# 60 gal reef lighting



## Malikai (May 27, 2007)

Ok, so I've been reading through past threads until I can't see straight, as well as talking to people about different lighting options. I'm planning on setting up a 60 gal. reef tank, and was told halides would "burn" corals and some sensitive anemones, because it's so shallow. Here's what seems to me would be the best and most cost-effective solution. Would like opinions on these, and hopefully someone on here has them already...
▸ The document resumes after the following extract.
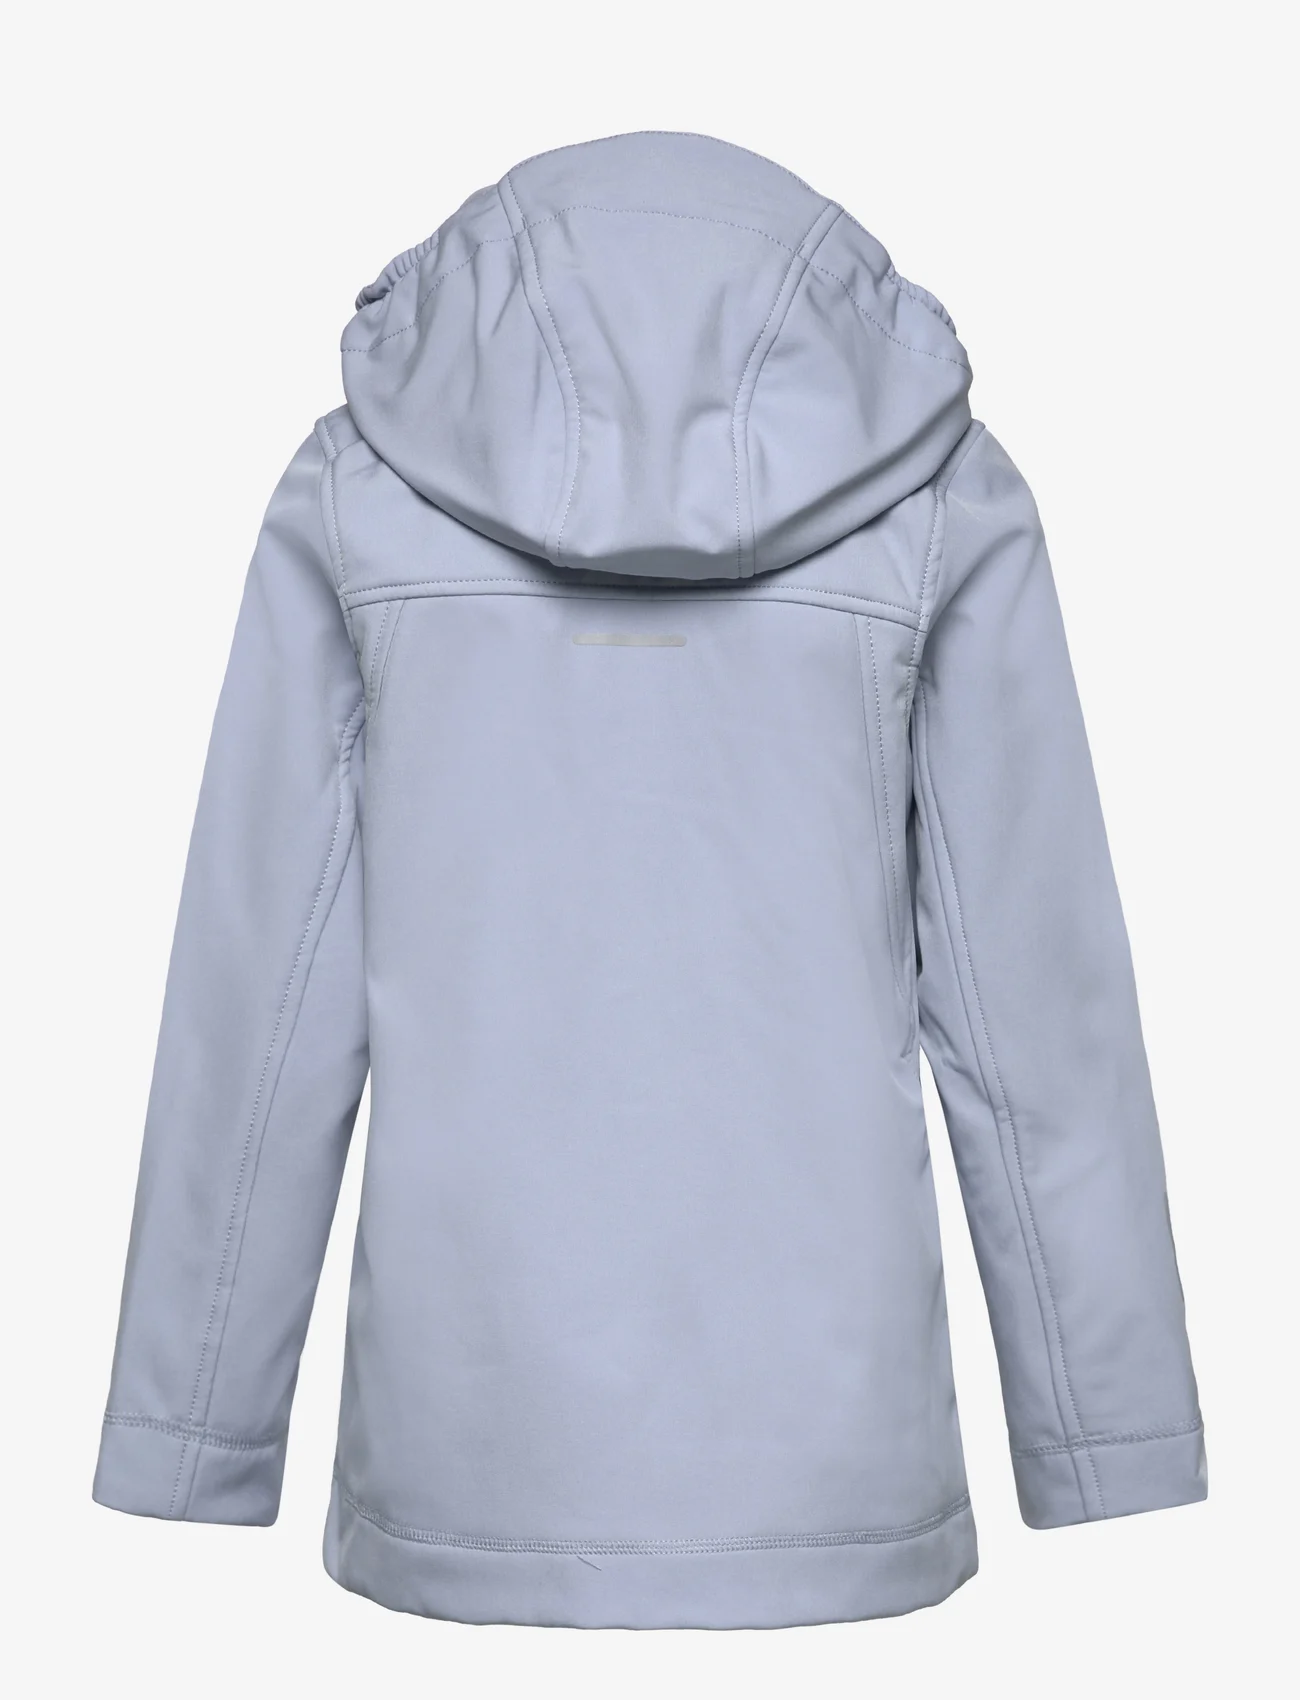 Reima - Softshell jacket, Espoo - kinderen - foggy blue - 1
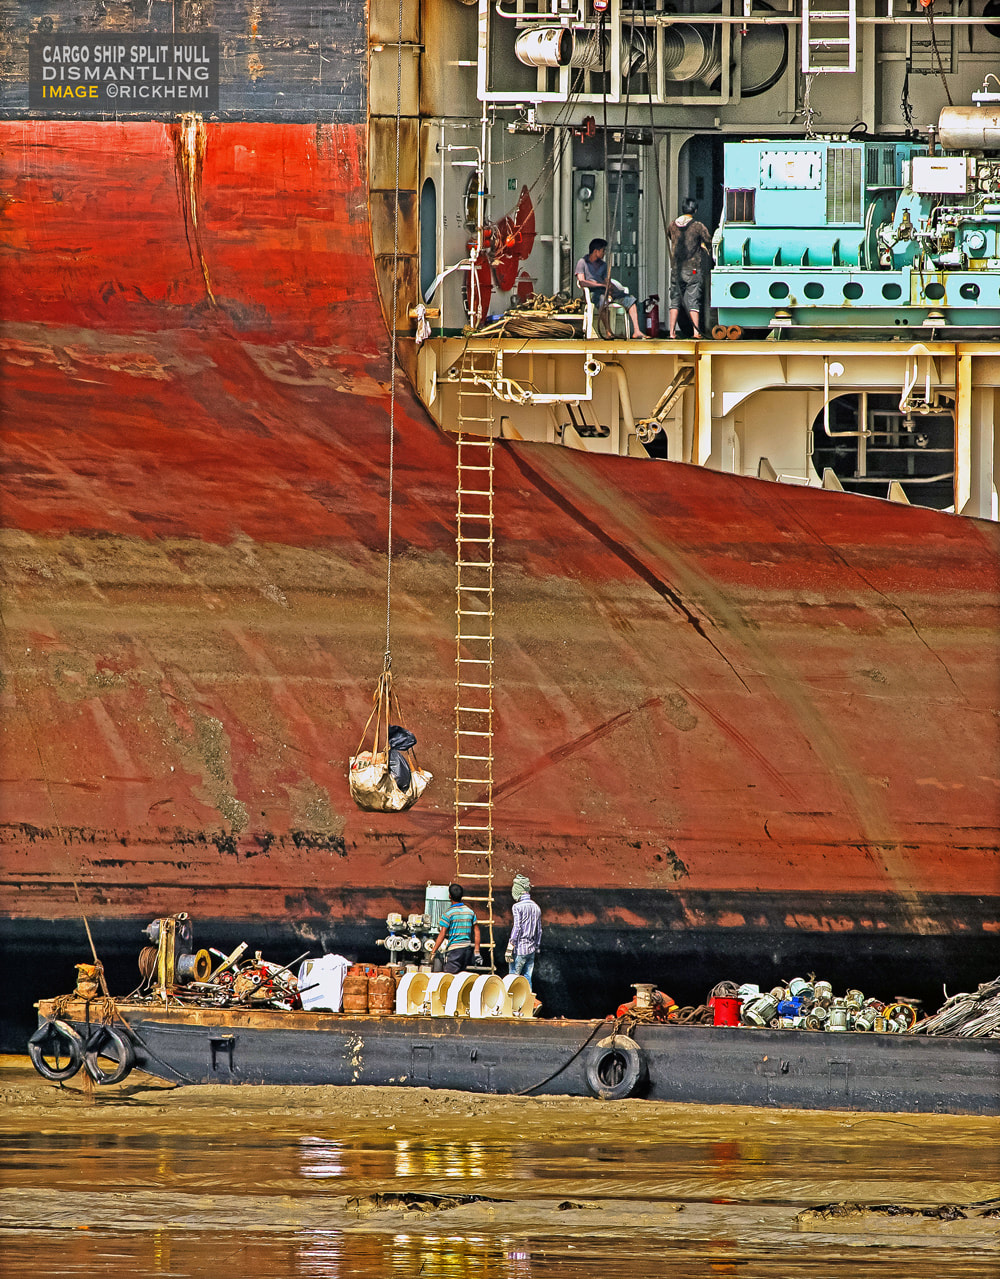 solo overland travel Asia, cargo ship dismantling, cargo ship split hull image by Rick Hemi

http://www.drsfostersmith.com/Product/Prod_Display.cfm?pcatid=12772&N=2004+113175


----------



## Bear (Jun 8, 2006)

That particular fixture would be a bad idea because of its lack of individual reflectors. When looking for a T5HO set up you always need Individual reflectors and fans.


----------



## leveldrummer (May 27, 2005)

how deep is your tank? what are the dimensions? mh's wont burn the corals, it might take a bit of getting used too, but they will adjust, and you can go with lower wattage lights too, but t5's would make a great setup as well, but like bear said, get individual reflectors. or look into 150w or 175w mh's


----------



## Malikai (May 27, 2007)

The dimensions are: 48x15x18.5 (LxWxH). It just looked like a similar (if not the same setup) that a lfs in Vegas told me would be perfect. So what, I can add reflectors to the inside? It looks to me like in the blown up pic that it's got a reflector surrounding all of the lights. You'll have to explain it to me like I'm a moron, I'm just starting to learn about them....


----------



## leveldrummer (May 27, 2005)

18 inches isnt too shallow for mh's, they would do fine if thats the route you wanna go, as for individual reflectors, each bulb has its own little reflector that clips onto it, and it helps the par out immensly, (par is the amount of light that goes into the tank) set ups without them have much less usable light making it down to the corals, and kinda makes the t5's useless. (not useless, but why spend the money if powercompacts or vho's will do the same thing) so look for a 4 bulb set up with the right reflectors, or get 2 150 or 175w mh's. do you have a canopy for your tank?


----------



## Malikai (May 27, 2007)

Hmmm...everywhere I've seen so far though, I can't find only 150 or so watts for MH for a 48" hood. It's like 4 times that much (and 4 times the price!). I figured going into it that I'd spend about $700-800 for lights. After talking with people about the T5HO's it kinda got my hopes up that I'd only be in the $300-$400 range which would make everything come together that much sooner. (Hey, I've got ALOT of hobbies, gotta spread my funds around to get all of my fixes! haha) I've put money down on a black oak stand and canopy for this 60 gal. Only like $100 just so they'd hold it for me. Why, does that change things towards the lighting?


----------



## Bear (Jun 8, 2006)

http://www.reefgeek.com/lighting/T5_Fluorescent/Sunlight_Supply/Tek_2_Retrofit_Kits/48_inch__4x54W_Tek_2_T5_High-Output_Retrofit_Kit_w!_Bulbs_by_ReefGeek

This is what u want and where u wanna buy it from, there prices seem a little higher than others but thats because they include the bulbs of your choice! 

With these you would also need to put a fan on both left and right sides of the canopy you have set aside or else the bulbs will burn pretty quickly


----------



## Malikai (May 27, 2007)

Something's up with that page. It's sssssooooo tiny! I had to copy and paste everything just to see what it said. Is this happening on your computer too, or is something messed up with my settings?


----------



## Malikai (May 27, 2007)

And I honestly don't want to wire everything myself, and purchase moonlights seperately, fans, etc.


----------



## Fishboy93 (Jun 11, 2005)

I bought a 250 Watt MH off ebay for my 29. It's hanging from the ceiling. Hasn't burnt up anything that I own...


----------



## leveldrummer (May 27, 2005)

the canopy makes a huge difference, you can get 2 retro 175's, screw them into your canopy yourself, t5's can be very hard to wire, but mh's are nothing, them may even come wired, it would be the cheapest route to go, look for retro kits, with everything included. you can get your same light setup for way cheaper, and it will actually fit in the canopy. (some of the all in one units may NOT fit in a canopy)


----------